Simply put, revolutionary television was boring. And within a few years it proved no match for a new invention, the VCR. Before long, even ordinary people on limited incomes were saving their money to buy imported VCRs. The clerics struggled to ban trafficking in videos, labeling them “an invitation to prostitutes from the East and West to come into your living room.” The campaign didn’t work. And that should not have surprised the Islamic Republic. The revolution itself had been spurred on by contraband tape recordings of Khomeini’s voice preaching from exile. Why should anyone think Iranians would tamely yield to a new regime’s efforts to ban a new kind of tape cassette?
A lively underground business quickly grew up, selling pirated American films illegally on the streets of Tehran before they were sold legally in the United States. Because of the convenience and availability, I saw more first-run films in Tehran than I ever would have seen in the United States.

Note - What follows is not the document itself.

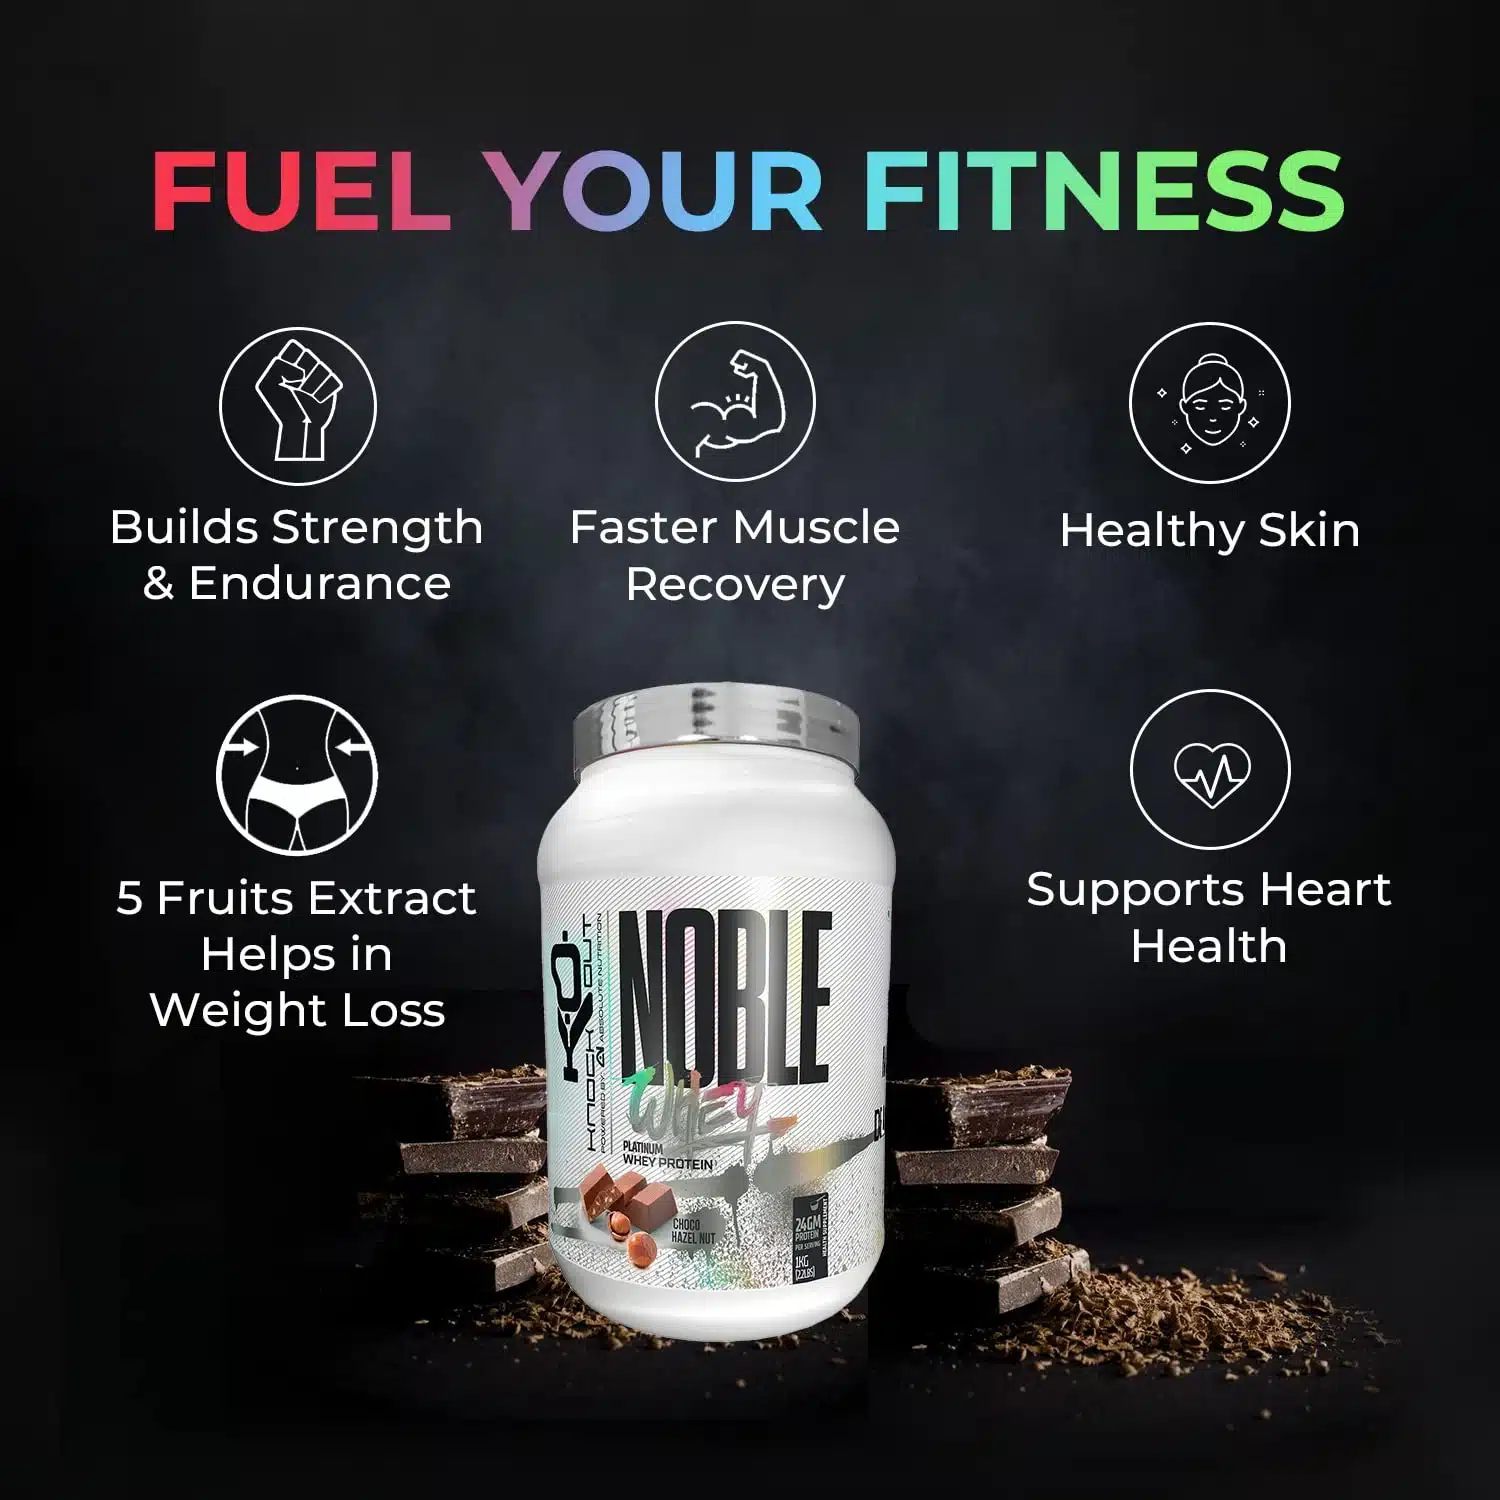 Noble Whey Protein 1Kg (Choco Hazelnut), 24g Protein Per Serving For Muscle Building, Strength, And Endurance With Digestive Enzymes, 5 Fruits Extract For Weight Management4.

Then came satellite dishes. They were illegal but in high demand, particularly after intrepid entrepreneurs began producing them locally—which made them one-tenth the cost of foreign-made ones. Newspapers would periodically run stories of police seizures of hundreds of satellite dishes. That only made people more inventive in hiding the dishes: under foliage, elaborate covers of plastic sheeting, or camouflage tarps; in the trees; at the bottom of swimming pools; on balconies and in gardens. Even some of the most seemingly traditional families had “satellite.”
Turkish television in particular built an audience with its fare of striptease dancing, violent action films, and soft porn. Then, in the summer of 1999, a massive earthquake struck Turkey, killing more than seventeen thousand people and preempting regular programming for days. “Everywhere I went in Tehran,” recalled a friend who was visiting Iran at the time, “I heard complaints that the regular Turkish television shows were not being shown. One taxi driver told me, ‘Okay, I can understand it for one or two days, but it’s been a week of nothing but earthquake.’”
In the late 1990s, the clerics openly admitted that state-run television was second-rate. The government poured tens of millions of dollars into new programming. The result has been to make Iranian television schizophrenic. The news side is tightly controlled and largely predictable. But the entertainment division is downright avant garde.
The news side broadcasts the speeches of the Supreme Leader, the sermons of the Friday prayer leaders in Tehran, and the important debates in Parliament. The evening news is an empty ritual. For years it opened with file footage of the Iran-Iraq war and military marches. It would be as if American news began with footage of the Vietnam War and John Philip Sousa.
Whenever I visit Iran, I try to catch the English-language evening news. I watch it less for the content than for one of its anchors, an American-born woman with the unlikely name of Judy Garland who is married to an Iranian. (They met in chemistry class at the University of Oklahoma in the 1970s.) On the one hand, I find it disconcerting to hear an American voice reading Iranian propaganda. On the other hand, it is nice to know she is there every night, year after year. I have watched her as she has become more confident and loosened up a bit. She has even begun to wear makeup. Although I have never seen a strand of exposed hair, she has experimented with hoods of color—beige, brown, and blue. Sometimes I think I have detected the trace of a smile on her face.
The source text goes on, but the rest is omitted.